Allscripts CEO Paul Black said its important to start thinking about transportation challenges the same way healthcare providers think about nutrition challenges.

“We all know about the concept of a nutrition desert,” he said. “The same applies to transportation deserts. That same person often has no chance of making her own appointment or making her kids’ appointments if she doesn’t have access to transportation. All the unbelievably great infrastructure they could avail themselves of around healthcare, they just don’t have access to it.”

That’s why Allscripts’ partnership with Lyft was such an obvious solution, he said – and why it was able to come together so quickly.

“Us linking our registration and scheduling system to their dispatch system is a no-brainer,” said Black. “And we’re able to do that because it is an open API. It’s not HL7, it’s an open API that we’re going to write.”

When a provider does their intake of a patient, they can inquire about transportation. If the patient doesn’t have a ride, “you do a loop, schedule for a ride, and the ride is going to show up – even if you don’t have a phone,” he said.

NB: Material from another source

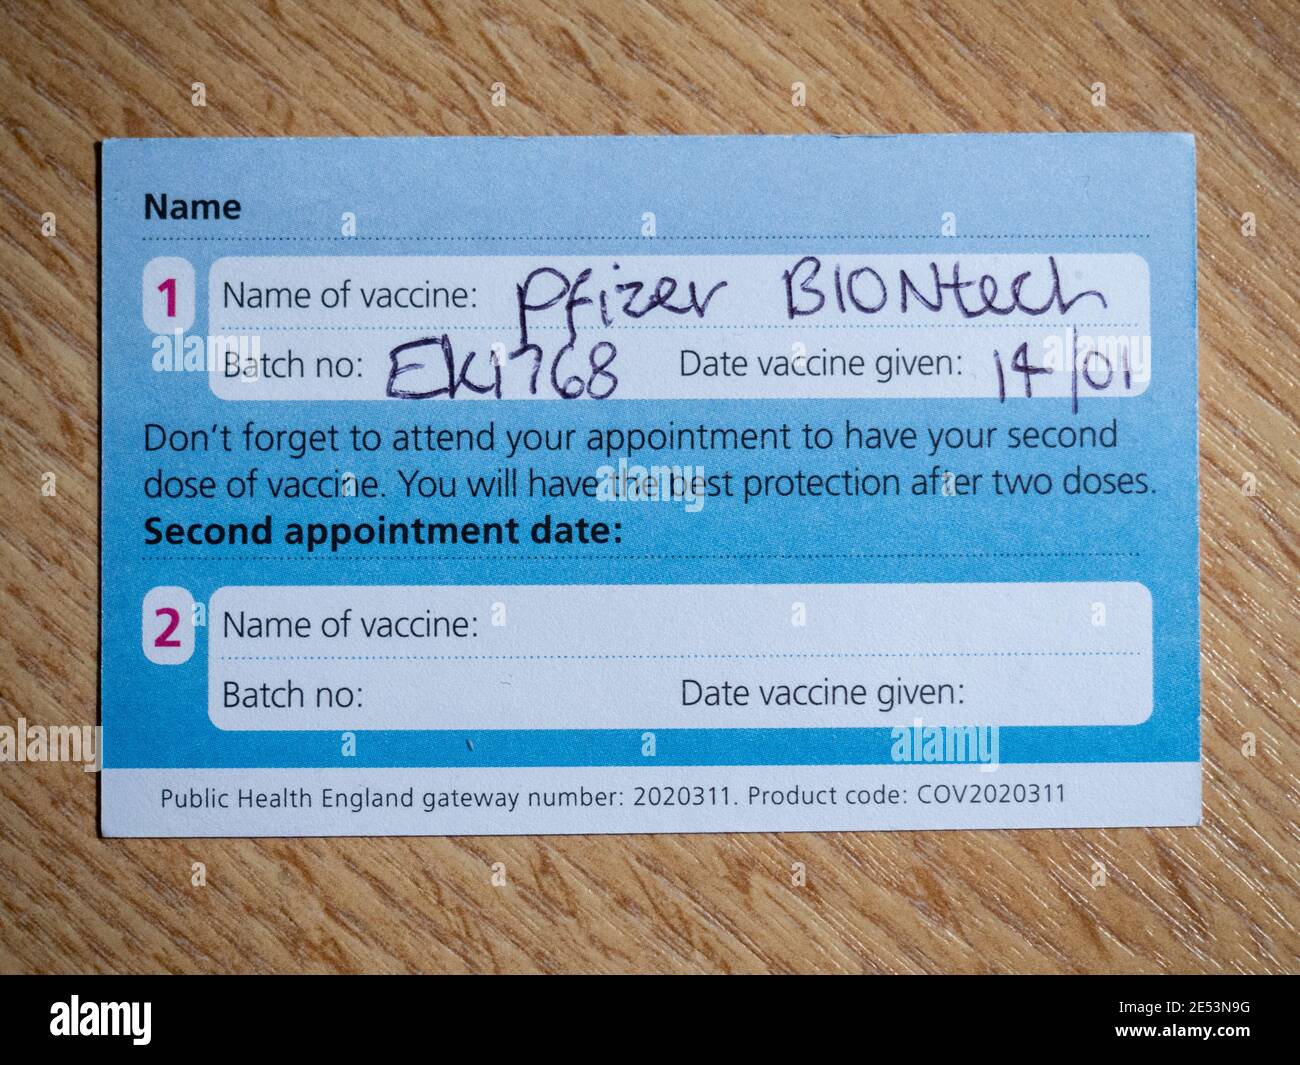 Inversione di una scheda di registrazione della vaccinazione NHS Covid-19 che indica che l'individuo ha ricevuto la prima dose di vaccino Pfizer Biontech. Foto Stock

“Or, if you have a flip phone, I will text you that your ride is sitting outside,” he added. “You don’t have to call the Lyft, you don’t have to see where the guy is or isn’t. You have to go where those people are. And to me, that’s going to be an important component.”

Black said the fruition of the Allscripts-Lyft deal happened in just two weeks: “We had been talking to them for a while, but we said let’s get something announced at HIMSS18. And it only takes you two weeks to write an API from Sunrise to get in there. We haven’t done TouchWorks yet, but it’s not that hard.”

Beyond the obvious benefits – connecting patients with quality care – Black says he’s excited about some other opportunities that could flow from partnerships like this one.

“In some markets, you’re actually seeing a decrease in the amount of ambulance usage,” he said. “Which is really expensive – you get that bill and its $400 bucks. And also, by the way, you probably didn’t need to go to the ED, it’s just that you were sick and no one was around so you called 911 to take you in.

“So this could train people to do something different,” he added. “Just like you can be trained to have better nutrition, you can be trained not to call 911. You don’t really need to go to the ED, you just need to see your doctor.”

He also likes the idea of it enabling better medication adherence, so providers “have the chance, on the way home, to at least get their first couple meds into their pocket for them.”

And here’s another idea.

“In the Lyft, you should have an iPad, so you’re doing the intake on the way in: You’re sitting in the back of the car instead of waiting until you get there and starting the process in the waiting room,” said Black. “The efficiency you could gain from this is fantastic. For most docs, two or three patients a day is the difference between making money and not making money. So if we can give them an additional 10 percent productivity improvement – if they usually see 20 per day, but see an extra two because of this – that helps pay the bills. And it’s simple. It’s just ridiculously simple. You don’t get low-hanging fruit like that very often.”